You may think this a novel word, but it is no new coinage. Indeed, though it is the title of a well-known recent novel by Charles Palliser (I’m told it’s very good), it comes from an old Latin coin. And it has since then acquired a phalanx of uses.

Let us start at the origin. Latin for ‘five’ is quinque; Latin for ‘twelfth’ is uncia (source of our word ounce), and uncia in Roman coinage was a twelfth piece of an as, as it happens – an as was the standard bronze coin. Put the two together and you get quincunx, the coin worth five twelfths. It was marked with five dots, and often the five dots were in the pattern we now associate with the 5 side on a die: ⚄ (box not included). Ergo, it is like the symbol for “therefore” ∴ and the same again inverted (why? “because”: ∵) and meeting in the middle at the tips. What’s it there for? Because! Connect the dots.

The pattern is in many places if we wish to find it. We may plant trees in this formation, or arrange heraldic patterns, or design buildings, or draw maps, or deploy legionaries into battle, or form the engines on a rocket, or get a tattoo (Thomas Edison had a quincunx tattooed on his forearm).
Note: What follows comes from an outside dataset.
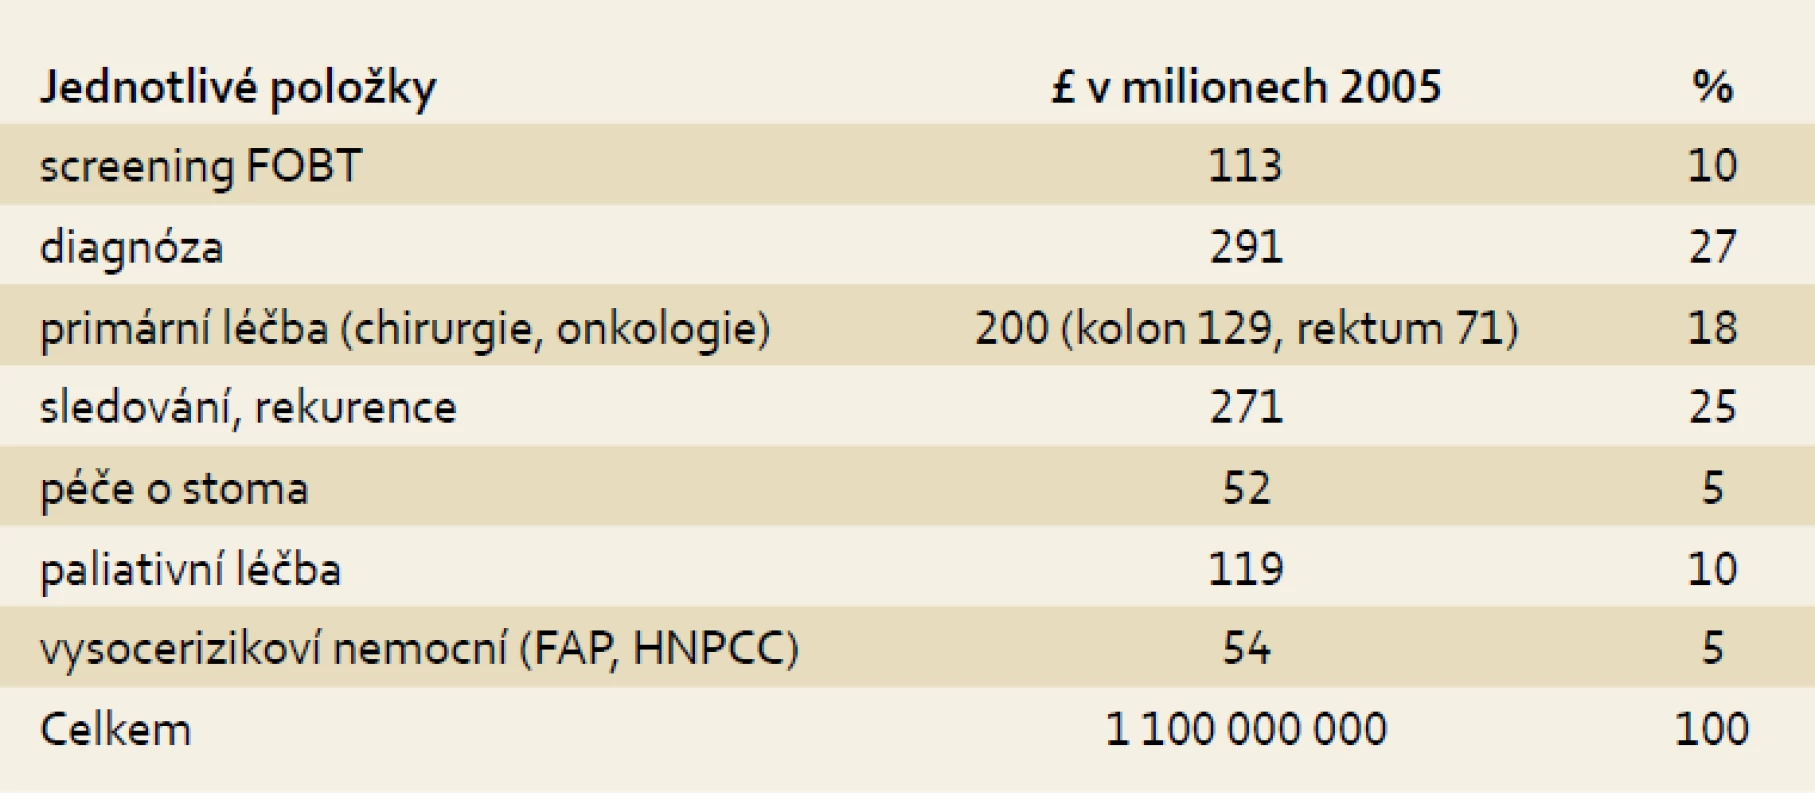 Náklady na diagnostiku a léčbu kolorektálního karcinomu ve Velké Británii.
Tab. 1. Costs of diagnostics and treatment of colorectal carcinoma in the UK.

Mark your ballot with a cross in a box and the vertices are in a quincuncial arrangement.

It is thus a surprise and a pity that we do not see the word more often; I can go through twelve fifths of Scotch (at no more than an ounce a day) between hearing it and hearing it again. Perhaps people delight in it so much they are a little afraid to put their tongues to it? Look, it uses the mouth so well: it starts with a kiss of the lips and a release at the velum, /kw/, and then it feints toward the tip but stays back, twice a nasal and crisp stop /ŋk/ before at last softly hissing with the licking tip /s/. The vowels move, but gently: they are the first sounds of “in” and “under.” It is so crisp and sweet, like biting a red delicious – or a slice of quince.

And the spelling! There are two cups and two caps, u and n and again and again, and i c as well. And there are our two craziest letters, q and x; the first is incomplete without u, and the second is two sounds lying together as one, like the crossed line segments that make it x – forming, at their tips and intersection, the fulfillment of the sense itself: a quincunx.

*Latin for ‘let us sing together’

One response to “quincunx

  1. It surprises me that a word-taster such as yourself wouldn’t mention in connection with the Quincunx the famed “Garden of Cyrus” essay by Sir Thomas Browne, – not only is the essay a masterpiece by a master of prose, but Browne was a font of font of fine words himself: words like “suicide” and “ambidextrous” and “electricity”, as well as less frequently encountered wonders like “canorous” and “balneation.” He’s apparently number 70 in the OED’s top cited sources for words, and someone well worth investigating in the search for new lexical flavors.